As an art-lover, I find most art therapeutic. You may feel the same. Art is a language in its own right: allowing you to express countless words and emotions where words fail. It's expressive, thought provoking, and beautiful. Done well, it can capture or stir powerful thoughts or feelings — which is why it’s the perfect vessel to communicate difficult topics.
Take this Original artwork by Jeni Jenkins as an example. To me it’s a powerful symbol of the Black Lives Matter movement — letting us know that we can't be blind to racism, and that all lives should be equal. Of course, this is just my own interpretation. Nonetheless it’s likely that people bought this piece for the emotions it evoked, and the message it represents.
Art can speak, when words fail
Art can help many without a voice to express how they are feeling – from the abused child who expresses pain through drawing, to the soldier suffering from PTSD who wants to write their experiences down, in the hope of coming to terms with the trauma. The term 'art therapy' was coined by Adrian Keith Graham Hill, an art therapist who served with the Honourable Artillery Company during World War I, and was the first artist commissioned by the Imperial War Museum to record the conflict on the Western Front.

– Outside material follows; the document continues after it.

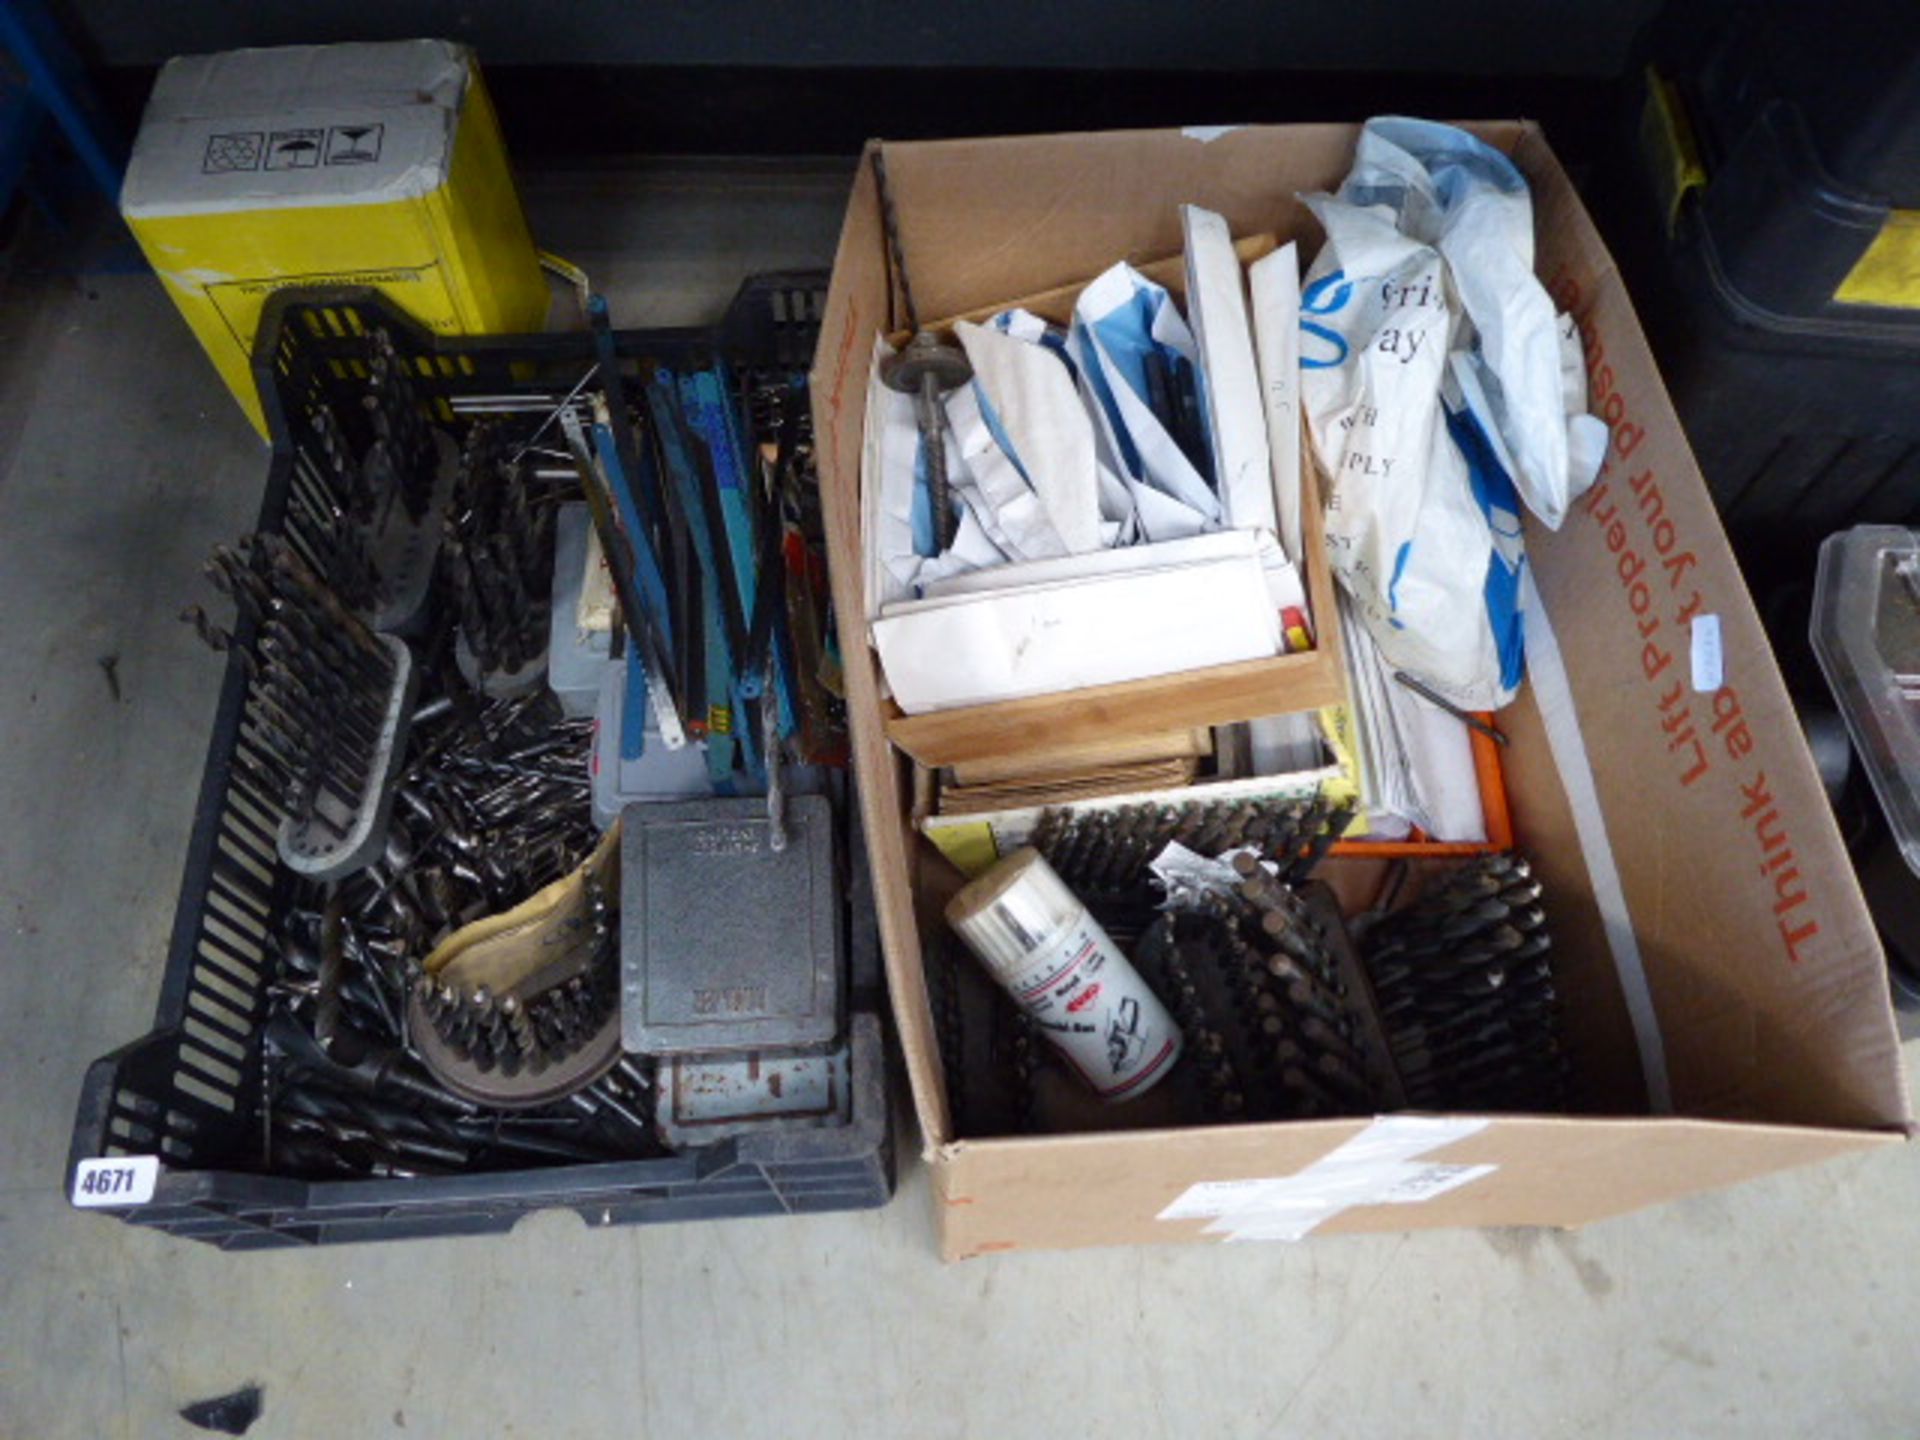 Tray and a box of various drill bits, hacksaw blades, etc

Art and creative therapies can be done in many different ways. After all, not all of us enjoy picking up a brush or a pencil. Dance movement therapy for example, is more about being in touch with your body and feelings, and less about actual dance skills. The individual expresses themselves using movement rather than words.
Dance is a beautiful form of art. It can be expressed in many different forms, styles, moods and cultures – all which express emotions where words fail. Under the guise of entertainment, a dancer can tell a story or a spread a message in a subtle and captivating way.
Consider this YouTube video of a contemporary dance group. In the group of 10 women, dressed in black, one woman remains in focus. Despite the back flips, spinning, and throwing of the lead in the air — her face showed an expression of deep sadness. Watching the dance, I could not help but feel drawn in by the story of the lead dancer. As she was tossed up and down, and threw herself to the ground, she told a story.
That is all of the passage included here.